A gene linked to eating disorders resulted in abnormal behavior and feeding in mice, which were given the gene mutation, according to research published Thursday. However, the study found that the gene mutation affected only female mice.

Researchers looked into histone deacetylase 4 (HDAC4) — a transcriptional repressor that turns off other genes. For the study published in the journal Biological Psychiatry, researchers developed a mouse model to examine the behavioral effects the gene mutation.

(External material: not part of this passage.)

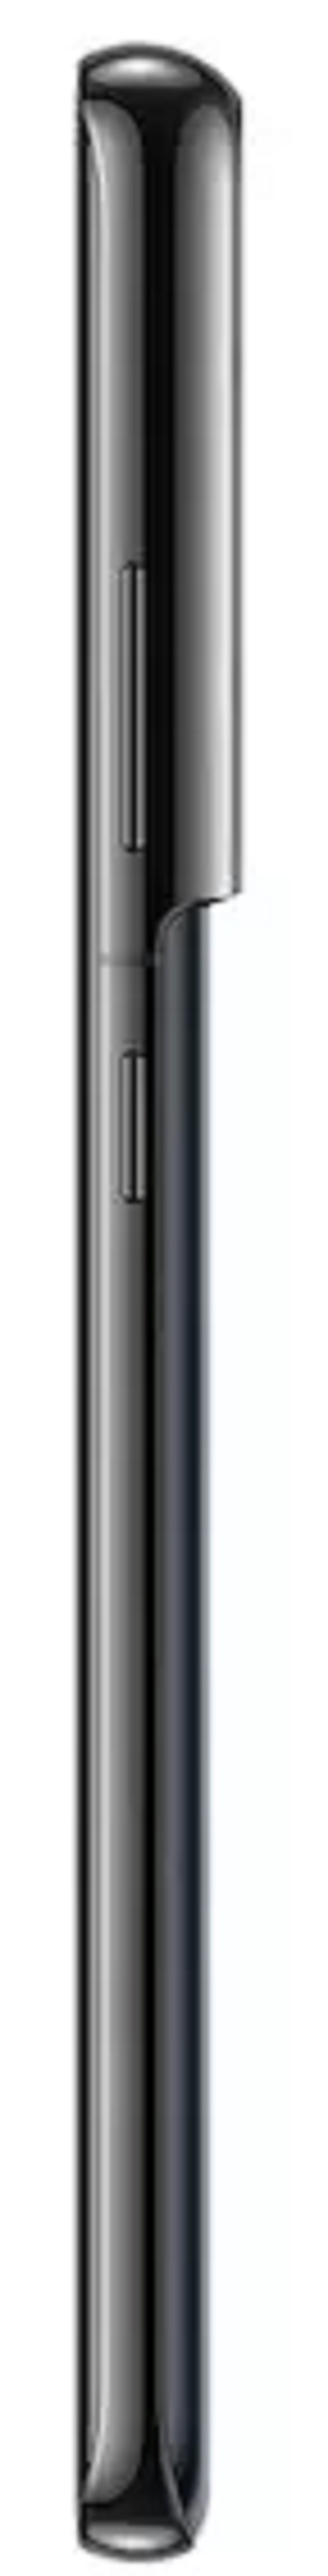 thumbnail 18 - Samsung Galaxy G998U S21 Ultra 5G 128GB Unlocked Smartphone - Excellent

“The mutated female mice have several behaviors relevant to eating disorders,” Michael Lutter, psychiatrist at the Eating Recovery Center of Dallas and study author, said in a statement. “In particular, they work less hard to obtain high-calorie food when they are hungry, which is important because failure to increase food intake in response to hunger is a core feature of anorexia nervosa. Also, they have compulsive grooming, which is considered a model of obsessive-compulsive disorder in mice. OCD-like behaviors are very common in patients with anorexia nervosa as well,” he said.

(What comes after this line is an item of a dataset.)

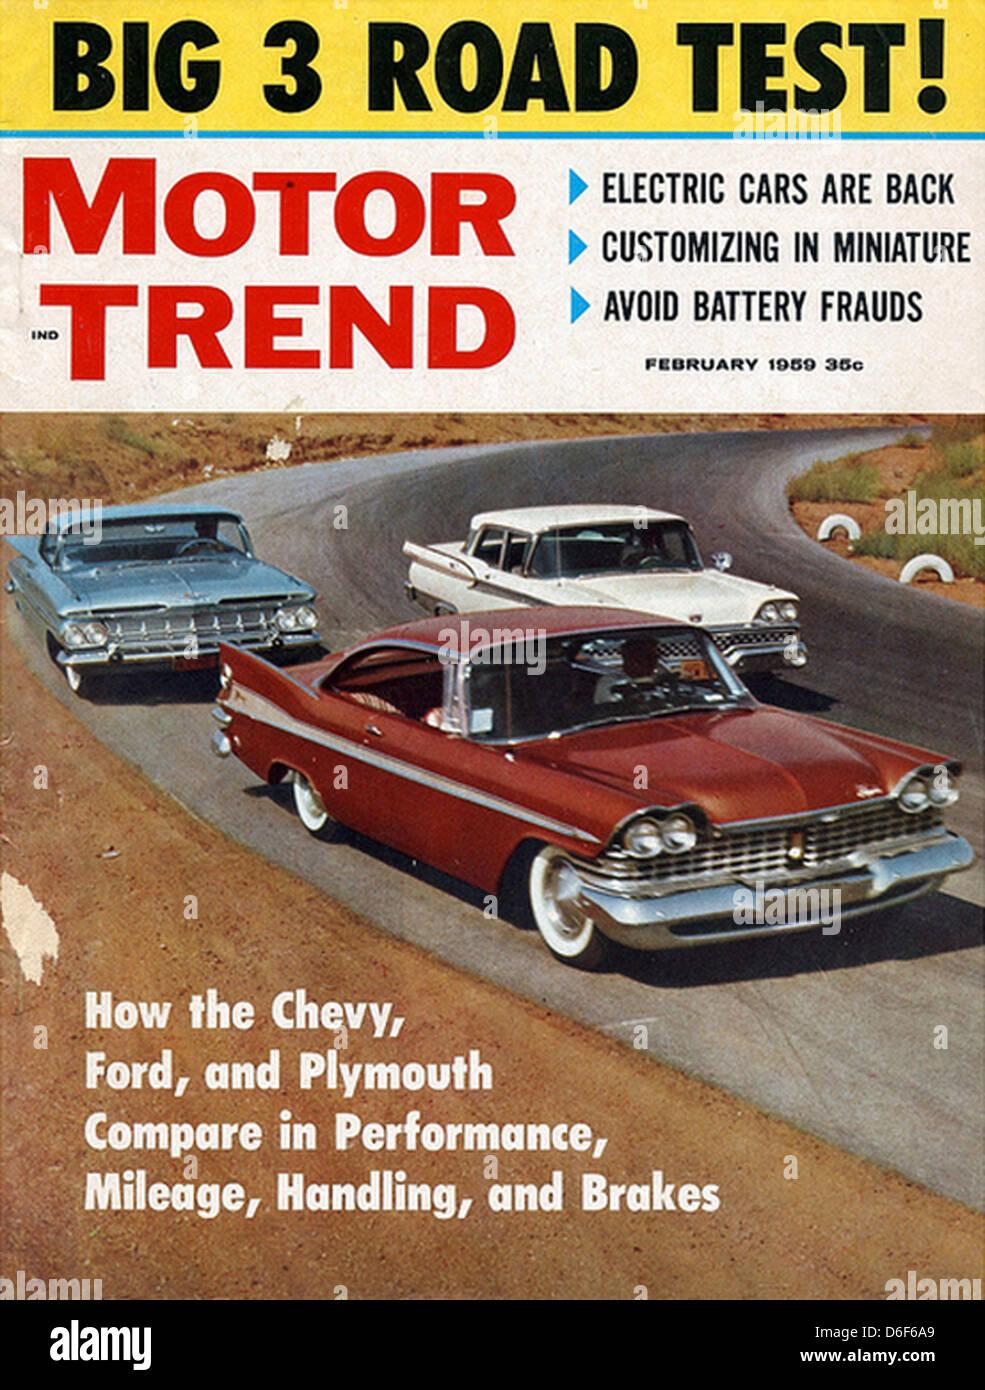 MOTOR TREND US car magazine issue February 1959 Stock Photo ...

According to the researchers, the study results support a role of the HDAC4 mutation in leading to eating disorders in people.

After placing genetically mutated female mice in a group, researchers found that the rodents exhibited more anxiety and irritability. The mice did not find the social situation to be rewarding, according to the findings.

Researchers also identified genes controlled by HDAC4. The study results showed that the HDAC4 mutation caused a decline in the expression of genes involved in synthesis of the neurotransmitter glutamate.

“This is important because glutamate has previously been implicated in feeding, obsessive-compulsive disorder (OCD), and depression,” Lutter explained. “So this one observation could explain a whole array of behavioral deficits.”

“This is the first biological pathway that's been identified as being associated with the risk of developing an eating disorder," Huxing Cui, a scientist at University of Iowa, noted. "This work will open new avenues of research to understand the neurobiological basis of eating disorders and identify new opportunities for development of medications to treat eating disorders.”

Researchers said that the mouse model they developed could also be used to monitor potential drugs to treat eating disorders.